What it means for you
Banks can now tap retail investors for Tier II capital but must ensure robust investor education and disclosure. The sign-off requirement protects banks from future disputes, while the ban on using FD rates as benchmarks prevents misleading comparisons. Clear disclaimers about lack of deposit insurance reduce regulatory risk and align with consumer protection norms.
What you must do
- Update application forms for retail subordinated debt to include the prescribed investor sign-off clause.
- Ensure floating rate subordinated debt instruments do not reference the bank's fixed deposit rate as a benchmark.
- Revise all publicity material, application forms, and communications to display in bold font size 14 that the instrument is not a fixed deposit and lacks deposit insurance.
- Train sales and compliance teams on the new disclosure requirements before any retail issuance.
Who it affects
All commercial banks (excluding RRBs) issuing subordinated debt to retail investors, Retail investors in subordinated debt instruments, Bank compliance and legal departments
What is the purpose of the investor sign-off requirement?

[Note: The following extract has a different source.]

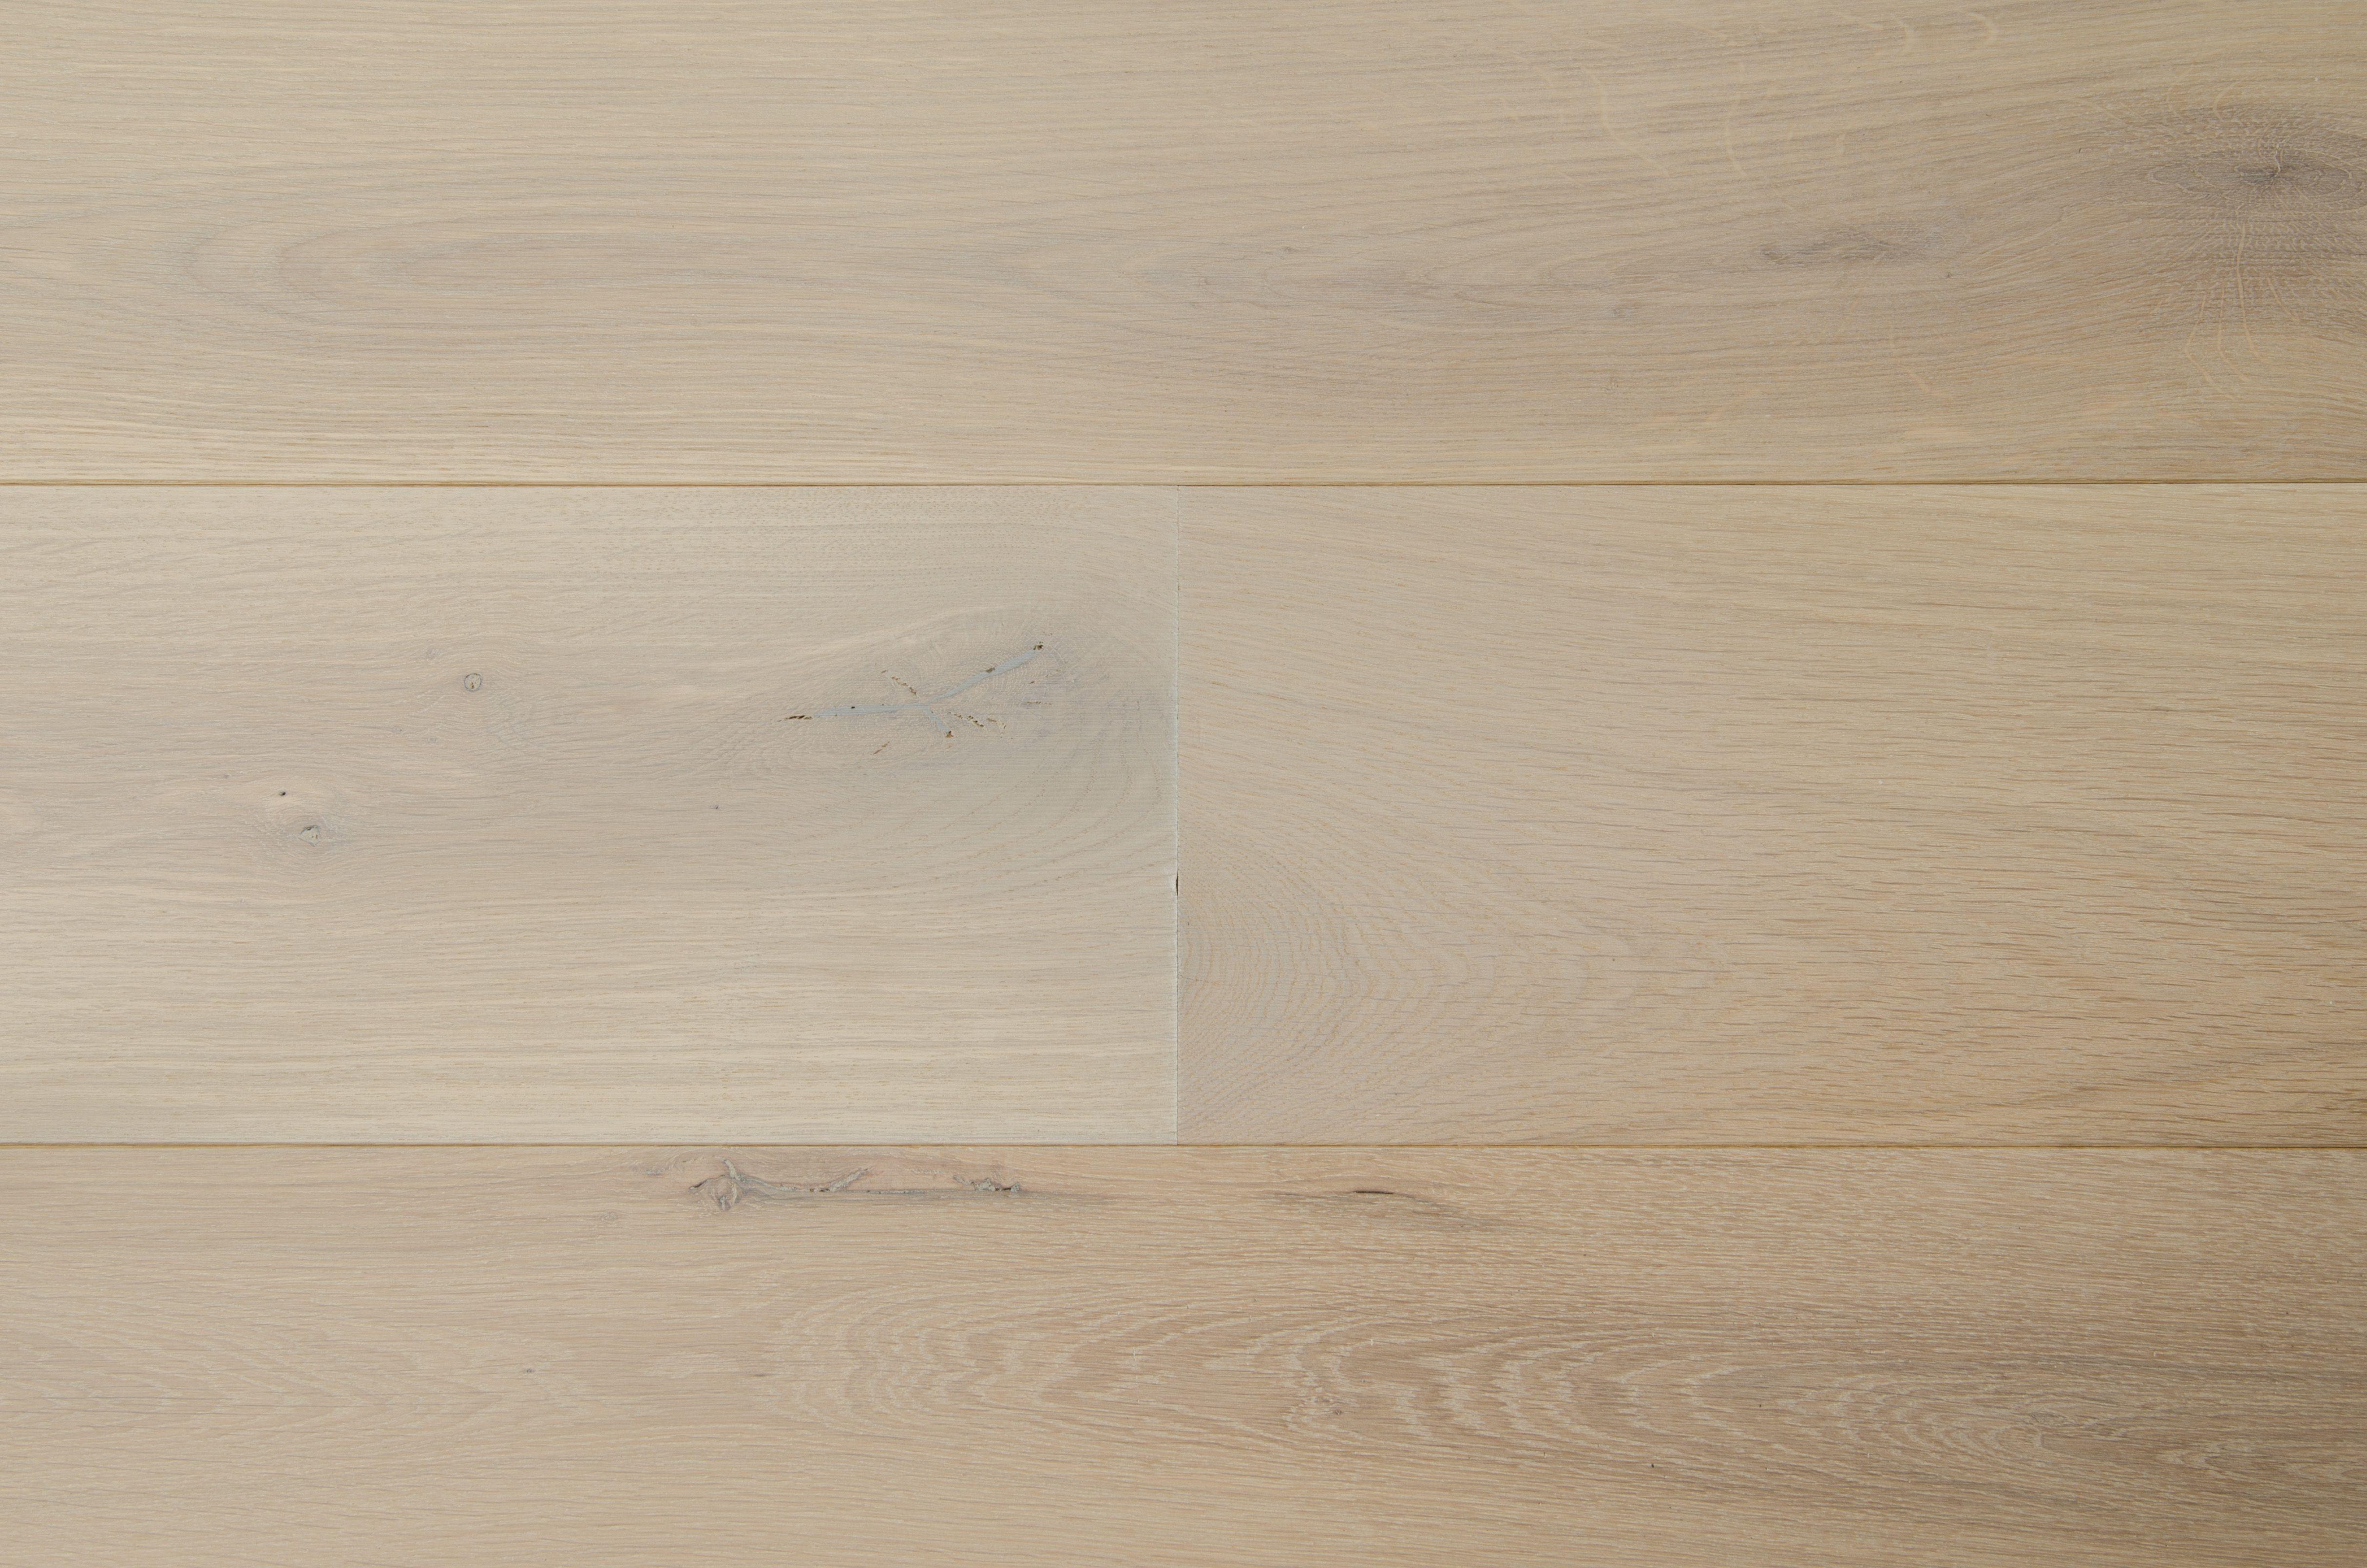 5 8 vs 3 4 hardwood flooring of european oak naples species european oak color naples within european oak naples species european oak color

The sign-off ensures that retail investors formally acknowledge they have understood the terms and risks of the subordinated debt instrument, as disclosed in the prospectus documents, enhancing investor education and reducing potential disputes.
Why can't floating rate subordinated debt use the bank's fixed deposit rate as a benchmark?
Using the fixed deposit rate as a benchmark could mislead investors into thinking the instrument is similar to a deposit, whereas subordinated debt carries higher risk and is not insured. RBI prohibits this to maintain clarity and prevent mis-selling.
Does this circular apply to all banks immediately?
Yes, the guidelines are applicable with immediate effect from January 13, 2010, to all commercial banks except Regional Rural Banks (RRBs).